TA862ème chambre2ème chambre
TA86 · 2ème chambre — 30 mars 2023
- ECLI
- DTA_2002941_20230330
- Date
- 30 mars 2023
Source : DILA / Judilibre · open data
Mes notes
privées · visibles par vous seulAnalyse IA non disponible
Générez un résumé intelligent de cette décision
Texte intégral
Vu la procédure suivante :
Par une requête enregistrée le 4 décembre 2020, M. A C, représenté par Me Rey, demande au tribunal :
1°) d'annuler la décision du préfet de la zone de défense et de sécurité Sud-Ouest en date du 13 mai 2020 refusant l'agrément lui permettant sa nomination à un emploi d'adjoint de sécurité de la police nationale, ensemble la décision du 30 septembre 2020 rejetant son recours gracieux ;
2°) d'enjoindre au préfet de la zone de défense et de sécurité Sud-Ouest de réexaminer sa situation ;
3°) de mettre à la charge de l'Etat la somme de 2 000 euros au titre de l'article L. 761-1 du code de justice administrative.
Il soutient que :
- les décisions qu'il conteste sont entachées d'un vice de procédure dès lors qu'elles sont fondées sur des informations obtenues au moyen de la consultation des fichiers d'antécédents par des personnes qui ne sont pas identifiées et ne disposant pas d'une habilitation spéciale ;
- elle sont entachées d'une erreur de droit, dès lors qu'elles se fondent exclusivement sur le résultat d'une enquête administrative en méconnaissance des dispositions de l'article R. 411-8 du code de la sécurité intérieure ;
- elle sont entachées d'une erreur manifeste d'appréciation.
Une mise en demeure a été adressée le 20 septembre 2022 à la préfète de la région Nouvelle-Aquitaine, préfète de la Gironde, qui n'a pas produit de mémoire.
Par un mémoire en observation, enregistré le 9 décembre 2022, le ministre de l'intérieur et des outre-mer conclut au rejet de la requête.
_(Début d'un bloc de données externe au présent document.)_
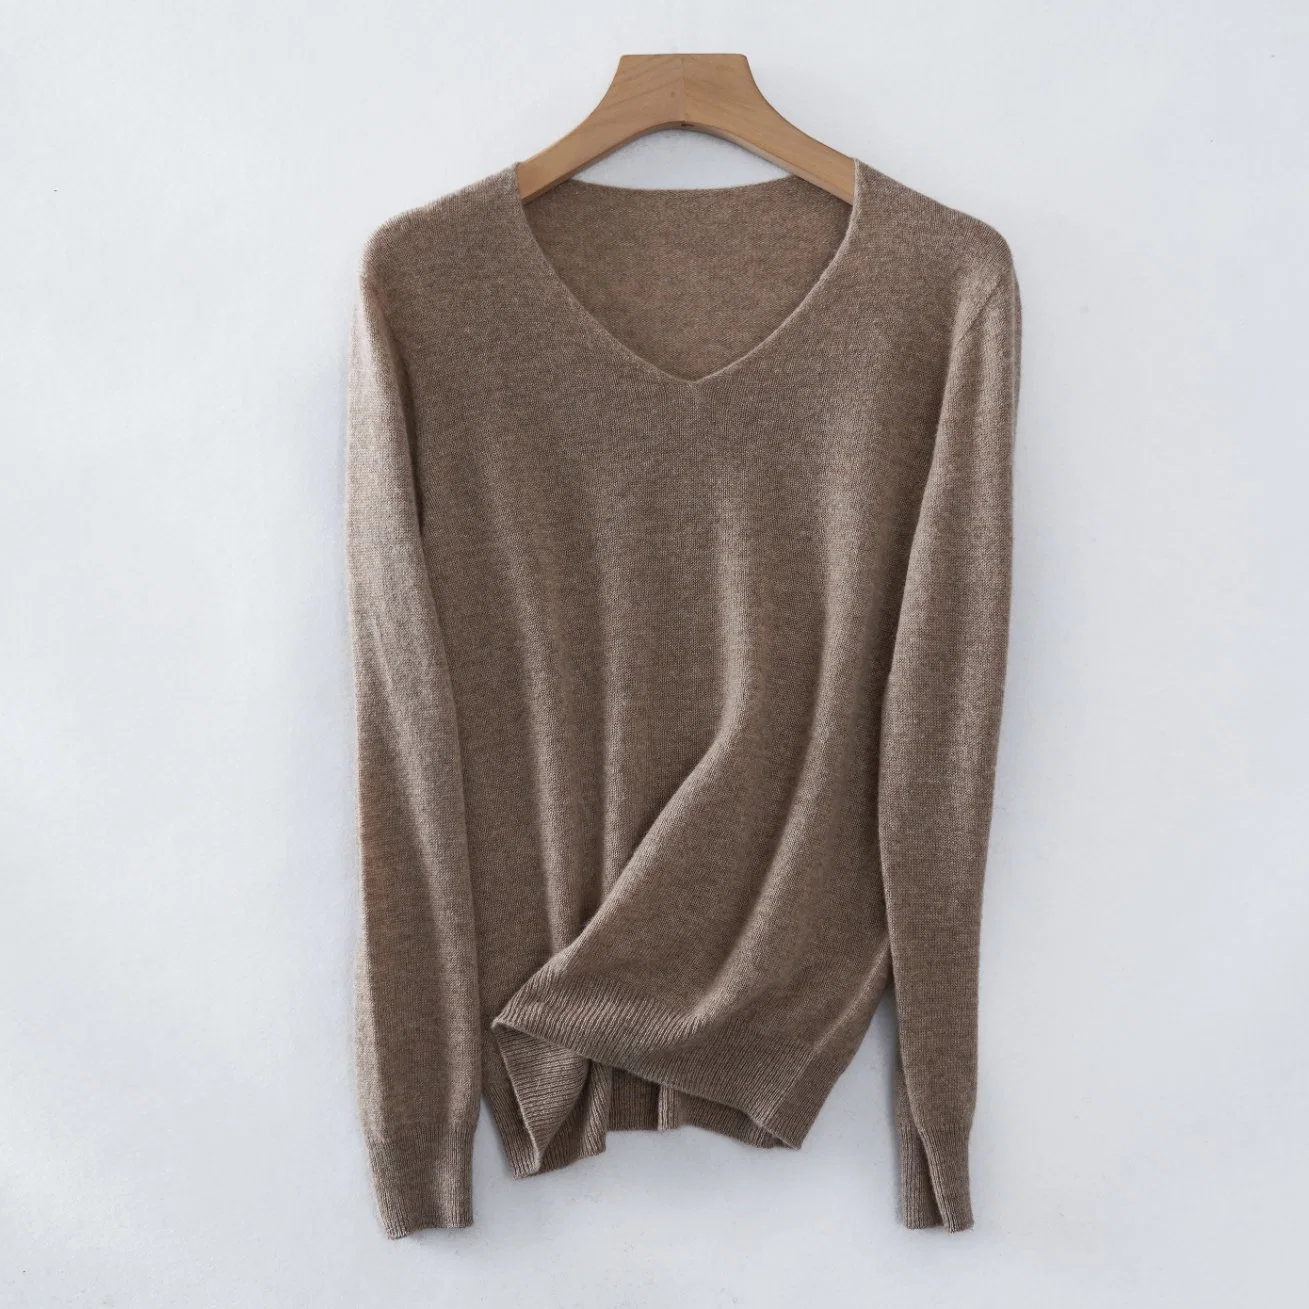 Wholesale Superfine Cashmere and Cotton Blends Woman's Classic V-Neck Pullover Sweater

Il fait valoir que les moyens invoqués dans la requête sont infondés.
M. C a obtenu le bénéfice de l'aide juridictionnelle totale par une décision du 12 mars 2021.
Vu les autres pièces du dossier.
Vu :
- le code de procédure pénale ;
- le code de la sécurité intérieure ;
- l'arrêté du 24 août 2000 fixant les modalités de recrutement et de formation des adjoints de sécurité recrutés au titre du développement d'activités pour l'emploi des jeunes ;
- le code de justice administrative.
Les parties ont été régulièrement averties du jour de l'audience.
Ont été entendus au cours de l'audience publique :
- le rapport de M. B,
- les conclusions de M. Lacaïle, rapporteur public.
Considérant ce qui suit :
1. M. C a réussi l'ensemble des épreuves lui permettant d'accéder à l'emploi d'adjoint de sécurité dans la police nationale à l'occasion de la troisième session 2019. Par une décision du 13 mars 2020, le préfet de la zone de défense et de sécurité Sud-Ouest l'a informé que l'enquête administrative avait fait apparaître des faits incompatibles avec les fonctions de policier et que l'agrément permettant son recrutement en qualité d'adjoint de sécurité de la police nationale lui était refusé. Par la présente requête, M. C demande l'annulation de cette décision du 13 mars 2020, ensemble la décision du 30 septembre 2020 portant rejet de son recours gracieux.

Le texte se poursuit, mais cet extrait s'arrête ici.